Monday, March 2, 2009

March 2, 2009 — “Animal Spirits” authors George Akerlof and Bob Shiller at the Greater Washington Board of Trade


More than 50 local executives tonight joined world-class economists George Akerlof and Robert Shiller, co-authors of the book “Animal Spirits: How Human Psychology Drives the Economy, and Why it Matters for Global Capitalism.” The professors were invited to share their insights and ideas on the economy at the Greater Washington Board of Trade (pictured here with BOT president and CEO Jim Dinegar and Perry Hooks). Afterward they responded to questions about their forecasts on the future of the economy.

About the Authors: Akerlof is the Daniel E. Koshland Sr. Distinguished Professor of Economics at the University of California, Berkeley.

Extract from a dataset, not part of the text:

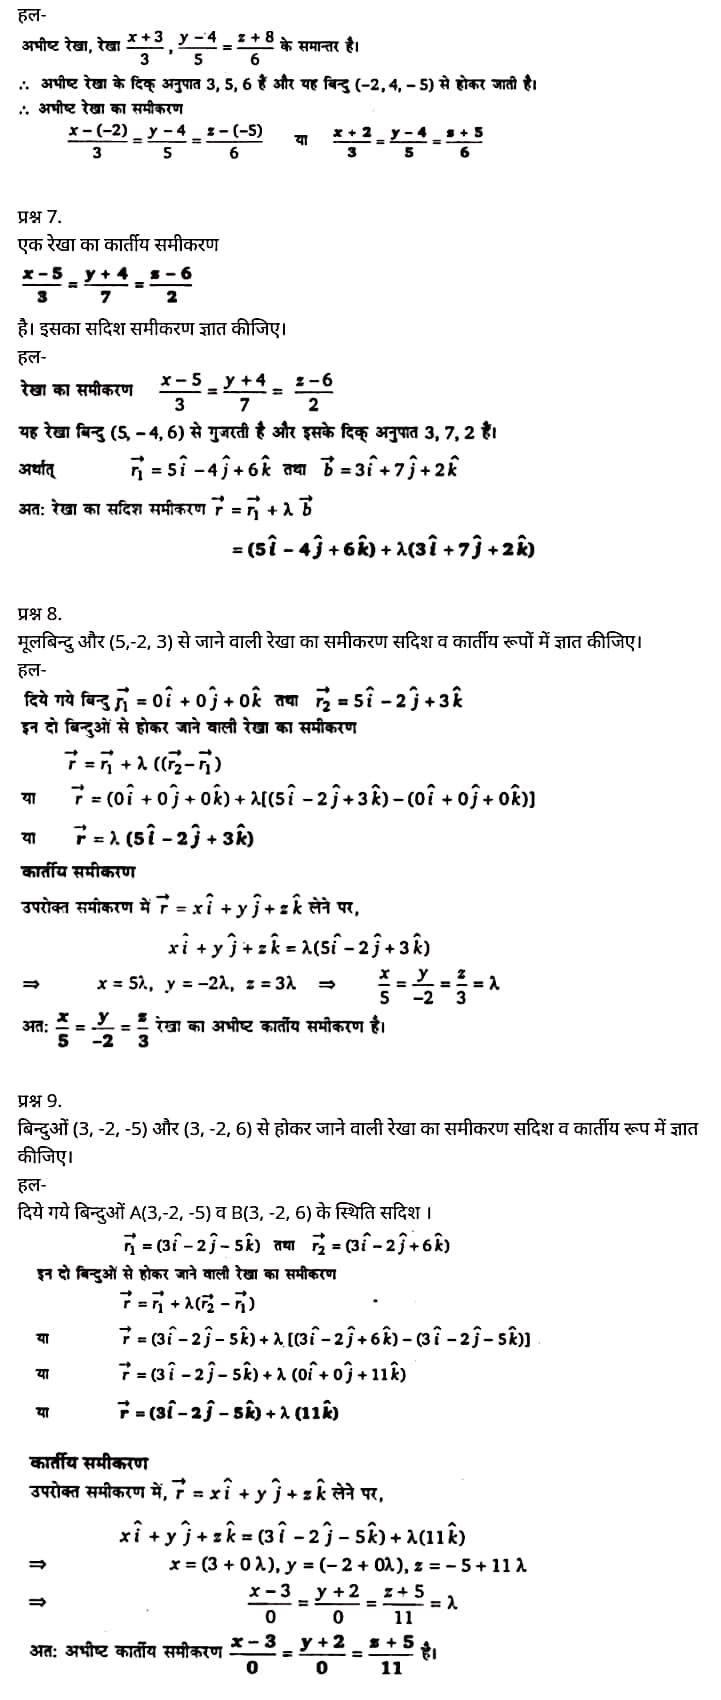 "Class 12 Maths Chapter 11", "Three Dimensional Geometry", Hindi Medium मैथ्स कक्षा 12 नोट्स pdf,  मैथ्स कक्षा 12 नोट्स 2021 NCERT,  मैथ्स कक्षा 12 PDF,  मैथ्स पुस्तक,  मैथ्स की बुक,  मैथ्स प्रश्नोत्तरी Class 12, 12 वीं मैथ्स पुस्तक RBSE,  बिहार बोर्ड 12 वीं मैथ्स नोट्स,   12th Maths book in hindi, 12th Maths notes in hindi, cbse books for class 12, cbse books in hindi, cbse ncert books, class 12 Maths notes in hindi,  class 12 hindi ncert solutions, Maths 2020, Maths 2021, Maths 2022, Maths book class 12, Maths book in hindi, Maths class 12 in hindi, Maths notes for class 12 up board in hindi, ncert all books, ncert app in hindi, ncert book solution, ncert books class 10, ncert books class 12, ncert books for class 7, ncert books for upsc in hindi, ncert books in hindi class 10, ncert books in hindi for class 12 Maths, ncert books in hindi for class 6, ncert books in hindi pdf, ncert class 12 hindi book, ncert english book, ncert Maths book in hindi, ncert Maths books in hindi pdf, ncert Maths class 12, ncert in hindi,  old ncert books in hindi, online ncert books in hindi,  up board 12th, up board 12th syllabus, up board class 10 hindi book, up board class 12 books, up board class 12 new syllabus, up Board Maths 2020, up Board Maths 2021, up Board Maths 2022, up Board Maths 2023, up board intermediate Maths syllabus, up board intermediate syllabus 2021, Up board Master 2021, up board model paper 2021, up board model paper all subject, up board new syllabus of class 12th Maths, up board paper 2021, Up board syllabus 2021, UP board syllabus 2022,  12 वीं मैथ्स पुस्तक हिंदी में, 12 वीं मैथ्स नोट्स हिंदी में, कक्षा 12 के लिए सीबीएससी पुस्तकें, हिंदी में सीबीएससी पुस्तकें, सीबीएससी  पुस्तकें, कक्षा 12 मैथ्स नोट्स हिंदी में, कक्षा 12 हिंदी एनसीईआरटी समाधान, मैथ्स 2020, मैथ्स 2021, मैथ्स 2022, मैथ्स  बुक क्लास 12, मैथ्स बुक इन हिंदी, बायोलॉजी क्लास 12 हिंदी में, मैथ्स नोट्स इन क्लास 12 यूपी  बोर्ड इन हिंदी, एनसीईआरटी मैथ्स की किताब हिंदी में,  बोर्ड 12 वीं तक, 12 वीं तक की पाठ्यक्रम, बोर्ड कक्षा 10 की हिंदी पुस्तक  , बोर्ड की कक्षा 12 की किताबें, बोर्ड की कक्षा 12 की नई पाठ्यक्रम, बोर्ड मैथ्स 2020, यूपी   बोर्ड मैथ्स 2021, यूपी  बोर्ड मैथ्स 2022, यूपी  बोर्ड मैथ्स 2023, यूपी  बोर्ड इंटरमीडिएट बायोलॉजी सिलेबस, यूपी  बोर्ड इंटरमीडिएट सिलेबस 2021, यूपी  बोर्ड मास्टर 2021, यूपी  बोर्ड मॉडल पेपर 2021, यूपी  मॉडल पेपर सभी विषय, यूपी  बोर्ड न्यू क्लास का सिलेबस  12 वीं मैथ्स, अप बोर्ड पेपर 2021, यूपी बोर्ड सिलेबस 2021, यूपी बोर्ड सिलेबस 2022,   12 veen maiths buk hindee mein, 12 veen maiths nots hindee mein, seebeeesasee kitaaben 12 ke lie, seebeeesasee kitaaben hindee mein, seebeeesasee enaseeaaratee kitaaben, klaas 12 maiths nots in hindee, klaas 12 hindee enaseeteeaar solyooshans, maiths 2020, maiths 2021, maiths 2022, maiths buk klaas 12, maiths buk in hindee, maiths klaas 12 hindee mein, maiths nots phor klaas 12 ap bord in hindee, nchairt all books, nchairt app in hindi, nchairt book solution, nchairt books klaas 10, nchairt books klaas 12, nchairt books kaksha 7 ke lie, nchairt books for hindi mein hindee mein, nchairt books in hindi kaksha 10, nchairt books in hindi ke lie kaksha 12 ganit, nchairt kitaaben hindee mein kaksha 6 ke lie, nchairt pustaken hindee mein, nchairt books 12 hindee pustak, nchairt angrejee pustak mein , nchairt maths book in hindi, nchairt maths books in hindi pdf, nchairt maths chlass 12, nchairt in hindi, puraanee nchairt books in hindi, onalain nchairt books in hindi, bord 12 veen, up bord 12 veen ka silebas, up bord klaas 10 hindee kee pustak , bord kee kaksha 12 kee kitaaben, bord kee kaksha 12 kee naee paathyakram, bord kee ganit 2020, bord kee ganit 2021, ganit kee padhaee s 2022, up bord maiths 2023, up bord intarameediet maiths silebas, up bord intarameediet silebas 2021, up bord maastar 2021, up bord modal pepar 2021, up bord modal pepar sabhee vishay, up bord nyoo klaasiks oph klaas 12 veen maiths, up bord pepar 2021, up bord paathyakram 2021, yoopee bord paathyakram 2022,

He was awarded the 2001 Nobel Prize for Economics. Shiller is the best-selling author of “Irrational Exuberance” and “The Subprime Solution.” He is the Arthur M. Okun Professor of Economics at Yale University and the co-creator of the Case-Shiller index.

About the Book: The global financial crisis has made it painfully clear that powerful psychological forces are imperiling the wealth of nations today. From blind faith in ever-rising housing prices to plummeting confidence in capital markets, “animal spirits” are driving financial events worldwide. In this book, acclaimed economists George Akerlof and Robert Shiller challenge the economic wisdom that got us into this mess, and put forward a bold new vision that will transform economics and restore prosperity.

Akerlof and Shiller reassert the necessity of an active government role in economic policymaking by recovering the idea of animal spirits, a term John Maynard Keynes used to describe the gloom and despondence that led to the Great Depression and the changing psychology that accompanied recovery.

Like Keynes, Akerlof and Shiller know that managing these animal spirits requires the steady hand of government—simply allowing markets to work won’t do it. In rebuilding the case for a more robust, behaviorally informed Keynesianism, they detail the most pervasive effects of animal spirits in contemporary economic life—such as confidence, fear, bad faith, corruption, a concern for fairness, and the stories we tell ourselves about our economic fortunes—and show how Reaganomics, Thatcherism, and the rational expectations revolution failed to account for them.

Animal Spirits offers a road map for reversing the financial misfortunes besetting us today. Read it and learn how leaders can channel animal spirits—the powerful forces of human psychology that are afoot in the world economy today.